How Dimensions Combine into a Container Score
Suppose a container has the following dimension scores (all weights at default 1.0):
| Dimension | Score |
|---|---|
| Completeness | 98 |
| Coverage | 85 |
| Conformity | 92 |
| Consistency | 95 |
| Precision | 100 |
| Timeliness | 100 |
| Volumetrics | 100 |
| Accuracy | 88 |
The multiplicative model starts from a baseline of 70 and adjusts up or down based on each dimension. Dimensions scoring 100 have no negative impact; dimensions below 100 pull the score down proportionally to their weight. In this case, Coverage (85) and Accuracy (88) are the main detractors, producing a container score around 82.
At the datastore level, if this container has a weight of 3 and another container has a weight of 1 with a score of 95, the datastore score would be: (82 × 3 + 95 × 1) / (3 + 1) = 85.25.
Decay Period
The decay period controls how far back in time Qualytics looks when calculating scores. By default, only anomalies, profiles, and scans from the last 180 days are included.
The decay period can be set from 7 to 180 days (in 7-day increments), with a default of 180 days.
This means:
- Old issues naturally age out — If an anomaly was detected 6 months ago and hasn't recurred, it no longer impacts the score.
- Recent issues weigh fully — Any anomaly within the decay window is fully counted.
- Shorter window (e.g., 7 days) — Gives a real-time snapshot of current data quality. Useful for fast-moving pipelines.
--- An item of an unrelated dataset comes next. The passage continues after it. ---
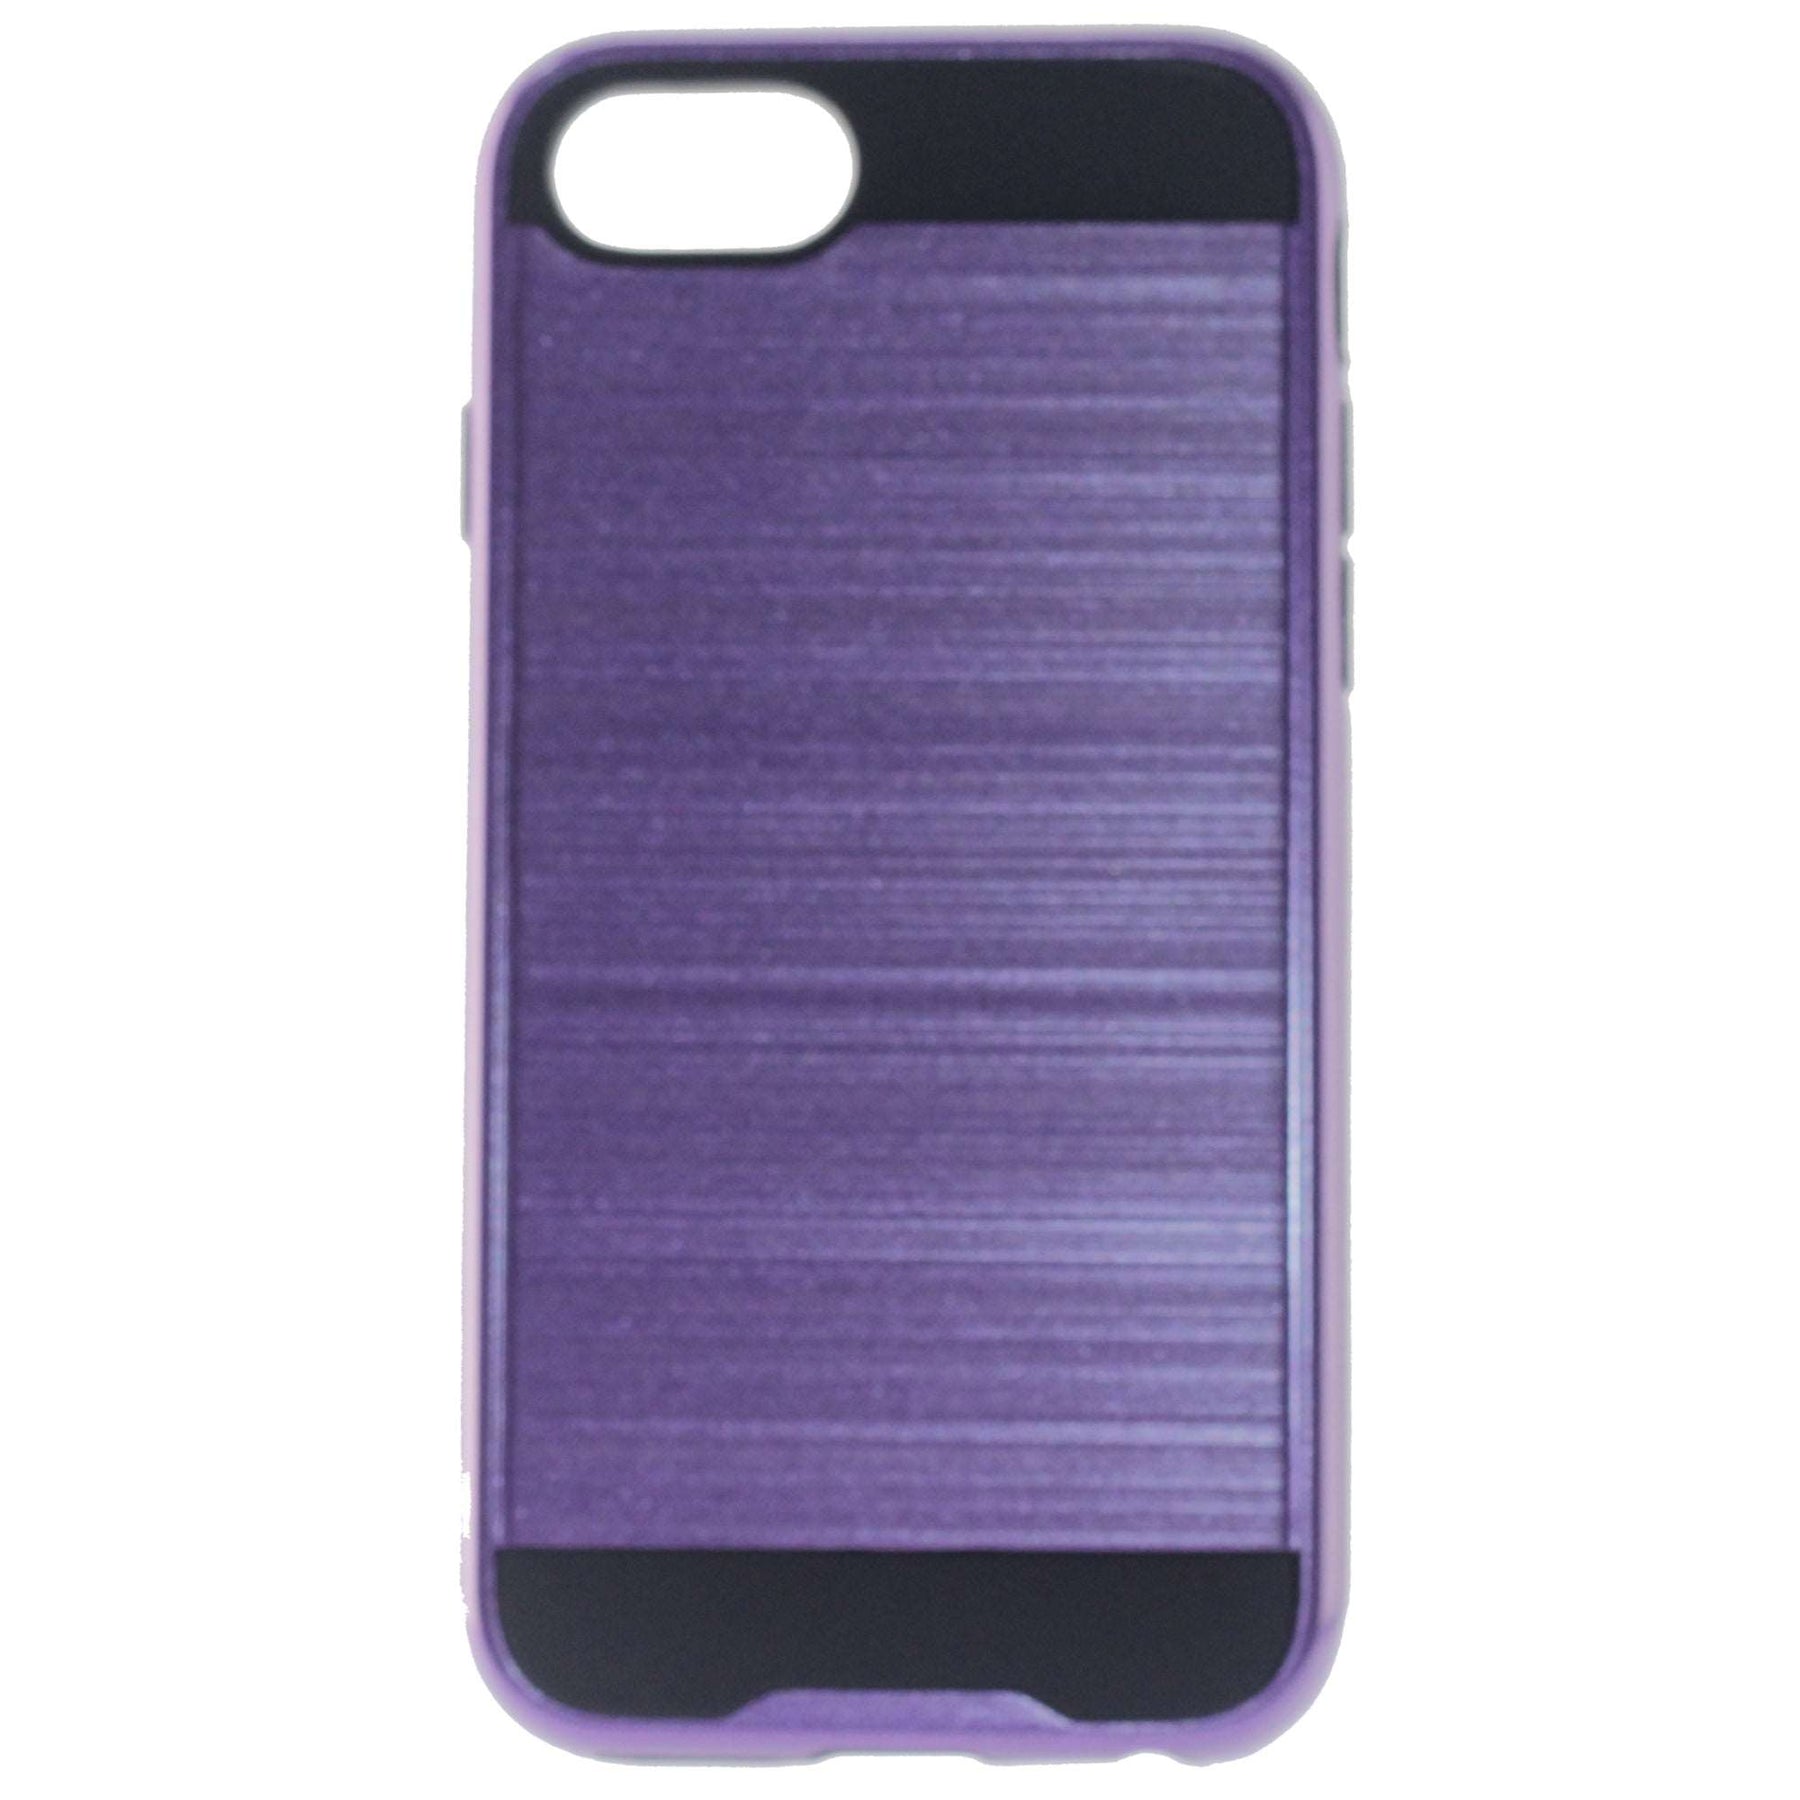 Apple, iPhone 6/6S, Slim Armor Case, Color Purple.

- Longer window (e.g., 180 days) — Provides a broader historical perspective. Useful for governance and trend analysis.
Info
To configure the decay period for your datastore, see the Quality Score Settings page.
Dimension Weights
Each of the 8 dimensions has a configurable weight that controls its impact on the total container score:
- A weight of 1.0 (default) gives the dimension its full impact.
- A weight of 0 effectively disables the dimension — it won't negatively impact the score.
- Weights between 0 and 1 proportionally reduce the dimension's influence.
Weights can be set from 0 to 2.0 (in 0.1 increments), with a default of 1.0.
This allows you to align the scoring system with your organization's data governance priorities. For example, if timeliness is critical for your use case, increase its weight; if volumetrics is less relevant, reduce it.
Disabling a Dimension
Setting a dimension weight to 0 effectively disables it — the dimension turns grey in the settings UI and no longer affects the container or datastore score. This is useful when a dimension is not relevant to your data (e.g., Timeliness for a static reference table).
Info
To configure dimension weights for your datastore, see the Quality Score Settings page.
What Triggers a Recalculation?
Quality scores are automatically recalculated when:
- A Scan operation completes (anomalies detected or clean scan).
- A Profile operation completes (new field statistics available).
- An anomaly status changes (acknowledged, resolved, etc.).
- A quality check is deleted.
- An anomaly is deleted.
Tag Weight Modifiers
Tags assigned to datastores can include a weight modifier (-10 to 10) that influences how individual containers contribute to the overall datastore score. Containers with higher tag weights have more impact on the datastore-level quality score.
Tags and Weighting
For more on how tags influence quality scores, see the Tags Introduction page. For details on the weight calculation formula, see the Weighting documentation.